Managed Care in Nevada

The Department of Health and Human Services is evaluating alternative service delivery models aimed at achieving better care for patients, better health for our communities and lower costs through improved health outcomes. The Division of Health Care Financing and Policy (Nevada Medicaid) currently provides services under two different delivery models, Fee-For-Service and Managed Care. A Managed Care Organization arranges for a medical service provider to provide health care services to individuals enrolled in their organization. Nevada Medicaid currently contracts with two Managed Care Organizations (MCO’s): Health Plan of Nevada and Amerigroup. If you are on Medicaid and you live in urban Washoe County (Reno) or Clark County (Las Vegas), managed care enrollment is mandatory unless you are under the special Medicaid category of aged, blind or having a disability, determined by the Division of Welfare and Supportive Services (DWSS) as part of your Medicaid application process.

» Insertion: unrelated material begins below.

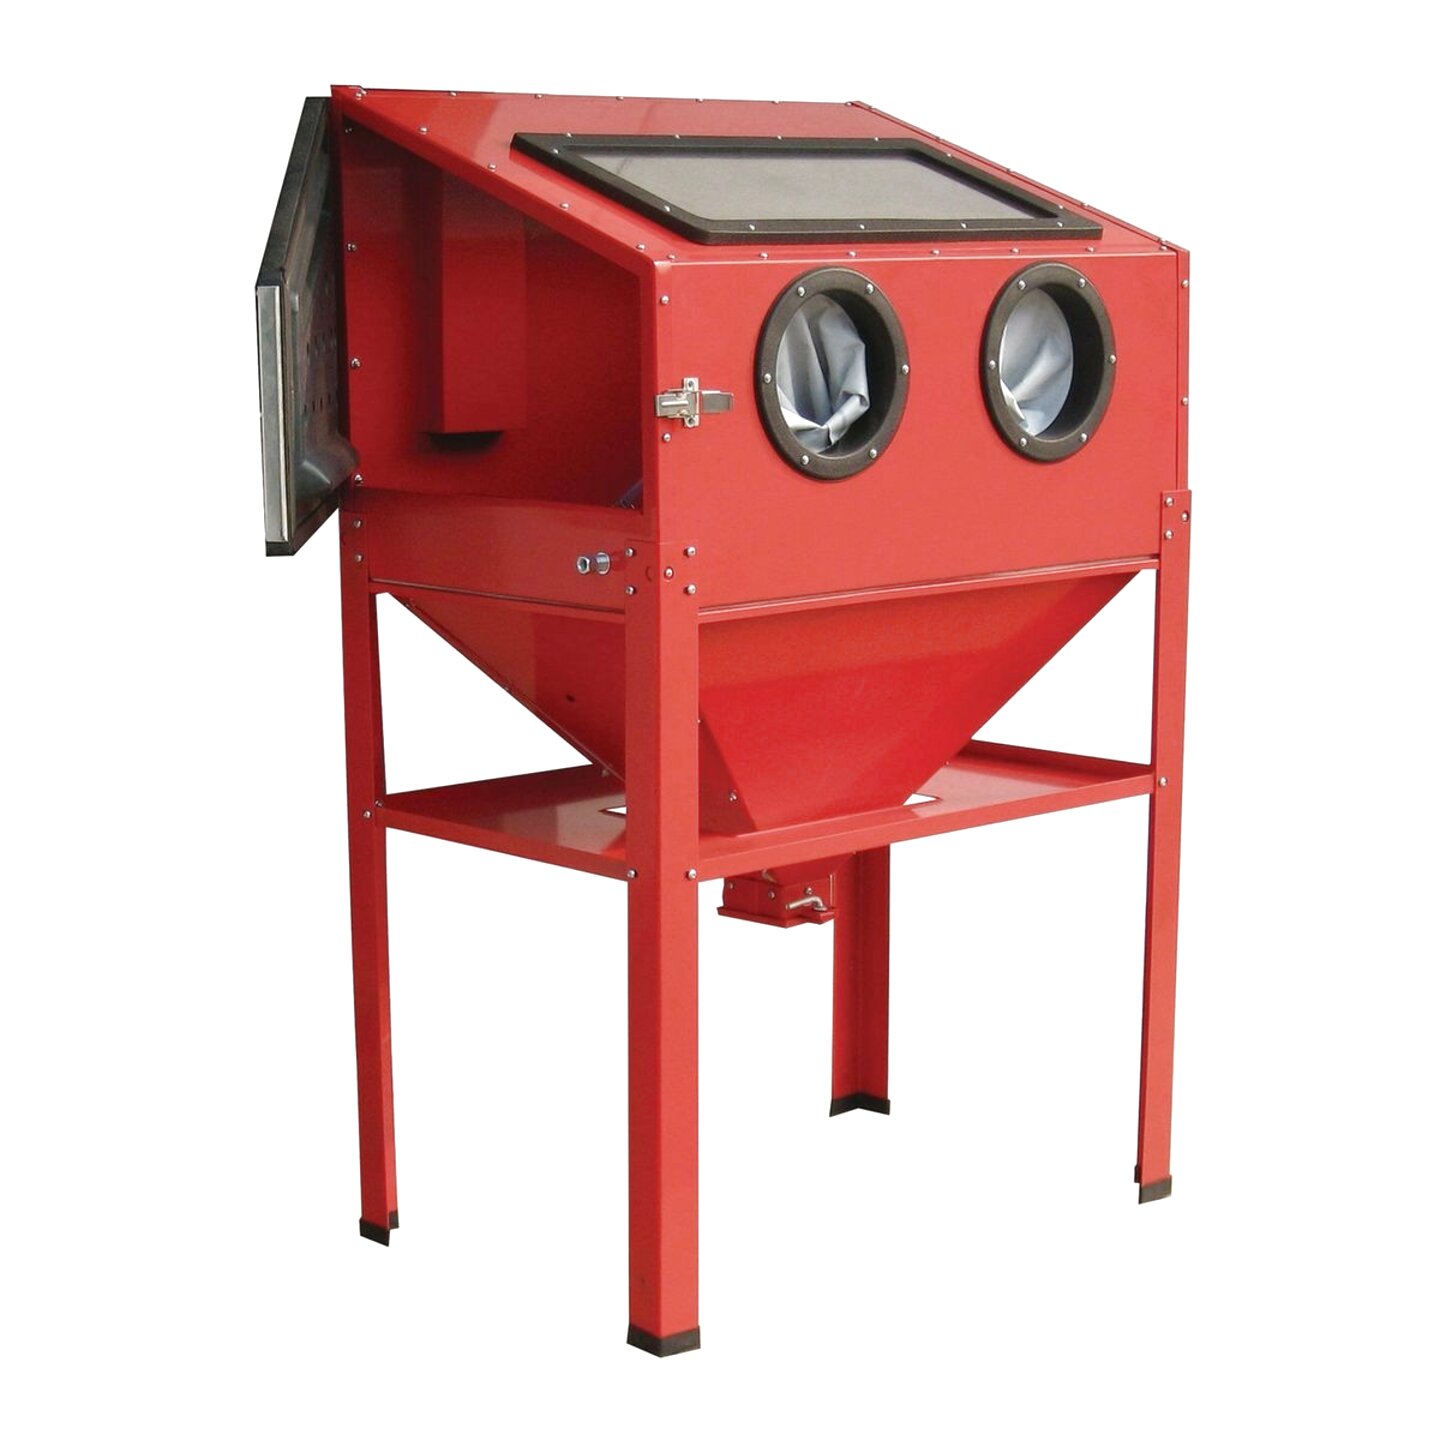 Sand Blasting Cabinet for sale in UK | 58 used Sand Blasting Cabinets

Your MCO contracts with some doctors but not all doctors, and you must use a doctor that is in your MCO’s network. Managed Care covers most of the services that are in the Medicaid-approved State Plan and have the flexibility to offer additional services based on need and the plan selected. Services not currently covered by Managed Care include Hospice, Adult Day Health Care, Non-Emergency Transportation, Targeted Case Management, Home and Community-Based Waiver Services, Intermediate Care Facilities for Individuals with Intellectual Disabilities, Nursing Facility Stays more than 45 days, Orthodontia and Residential Treatment Center stays more than 30 days. Options the State may consider for the future are expanding Managed Care statewide, including additional services that are not currently covered by managed care, expanding the population served by managed care to include aged, blind, or individuals with disabilities and/or increasing the number of Managed Care Plans to offer greater choice and flexibility of services.

The Division of Healthcare Financing and Policy (Nevada Medicaid) will be hosting a series of town hall meetings/listening sessions across the state in the coming months to gather feedback on the options up for consideration. After hearing public comments, final recommendations will go to the Legislature and the Governor in late 2016.